I was pared up with Bella Gonshorovitz, a MA Fashion Psychology and very talented made-to-measure designer http://www.bellagonshorovitz.com/. We already met on Skype, previous to the actual meeting in Maastricht. We talked about the project, the 1.5 day we had to work on the project, and the feeling that we wanted to avoid ‘a project runway gone wrong’. So we prepared. When we met in Maastricht on Sunday evening, after a long delayed trip for Bella, I think it’s fair to say we already felt a good vibe. But you could feel the vibe in the whole group. How nice and dynamic to be with all these designers with different backgrounds, experiences and stories. Right from the beginning there was this energy of creation.

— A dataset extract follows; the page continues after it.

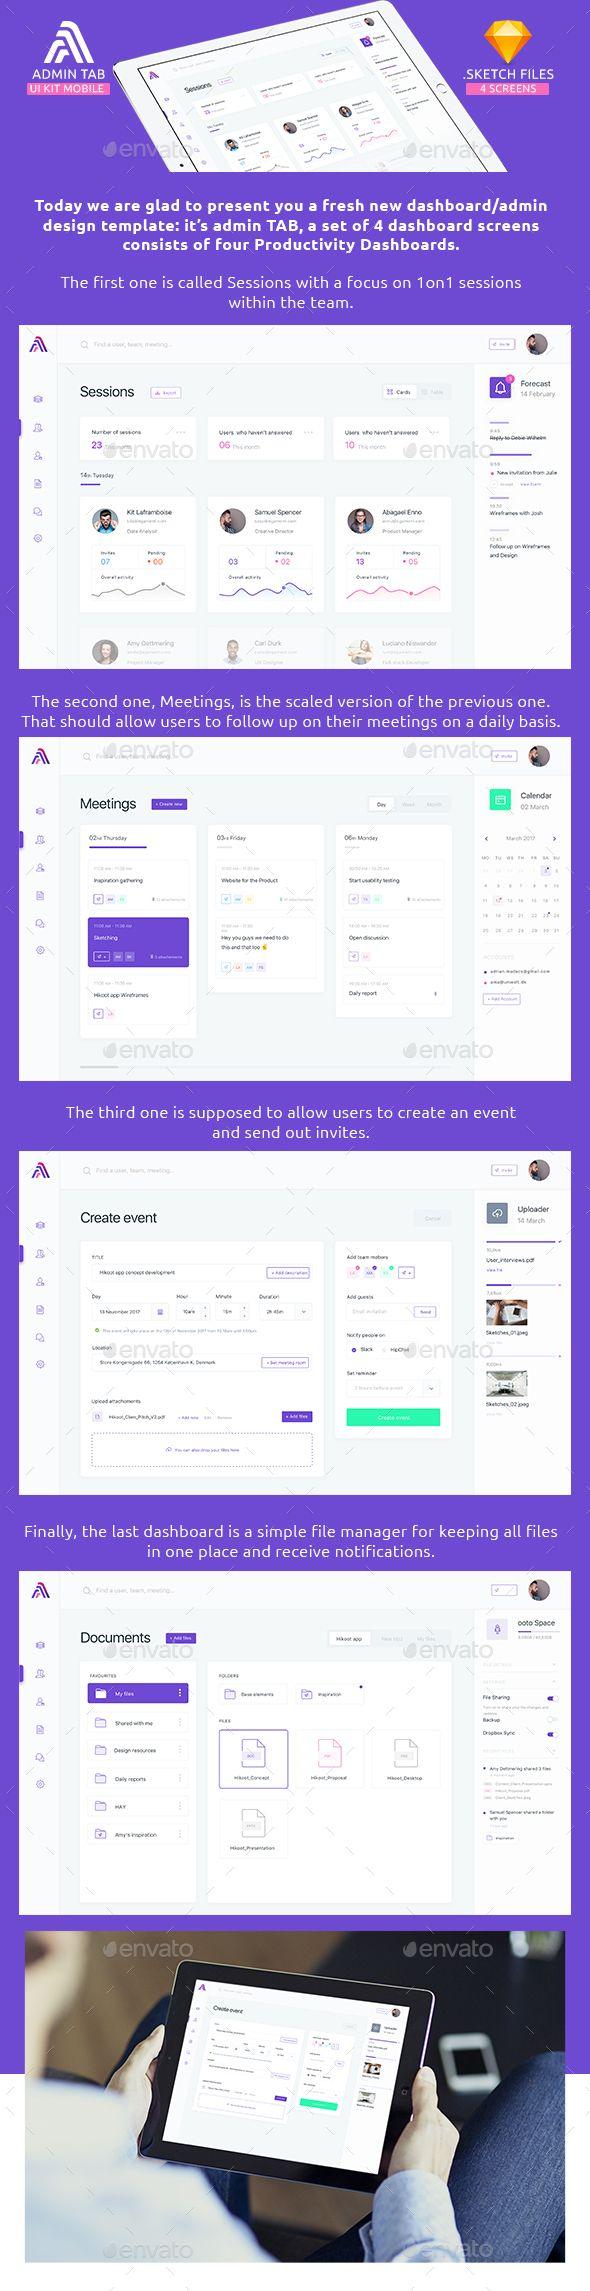 423 best UI UX design images on Pinterest | Ui kit, User interface ...

The next day we had an extensive introduction and everyone told a bit about themselves and the road that took us where we are now. The team of six designers were completed by Maarten van Mulken, Victoria Sophie Keller, Michelle Muirhead and Carmen Ludwig. But many more were involved: the organizers of Fashionclash/Forza Fashion House Janne Baetsen, Branko Popovic and Nawie Kuiper. The head of department of the Maastricht Academy Marcel van Kan, who provided us with the space to work and Carolyn Mair and Hayley Morgan (sub director Psychology and graduate MSc Applied Psychology in Fashion) from London College of Fashion.
After the introduction we went for coffee and Bella and I sat down. Or actually I sat down and she stood at the table, took out a pattern and started to tell me about her client. Immediately I loved listening to the story of this person, watching the patterns pieces just made for this specific person and imagining this person wearing it. I instinctively thought of a fabric that would pare up with this person’s character. We decided then and there we were going to create a garment, without any preconceived idea about what it should look like. Only that it would be different pattern pieces of different clients, in fabrics from my collections.
As you can imagine we never intended to create a piece for someone specific. We wanted it to become a piece that different body types could wear. The process continued, Bella telling me about another client. Me taking notes and thinking of a fabric. We both placed and decided where this piece would go. In this process I found the magic of us working together. Normally you wouldn’t always agree with another person, or even listen to their idea. Especially designers. We always want to do it ‘our way’. But in our collaboration it was such an organic process. Without being more or less than the other, without trying to prove oneself, without judgment. And isn’t it this way of working which gives the most interesting and fulfilling result? And following up on that question, is the result important? Is the result a by-product and is the process just as important?
We worked all night and the next morning to be able to present this piece to an audience. Both a bit nervous, but also curious to see the ideas of the other design couples. We were in such a cocoon that whole process we didn’t see what the others were creating.
Time flew by these past two days. And inspirational days it were.
The start of collaborating, the exchange of ideas. I think we were all enriched!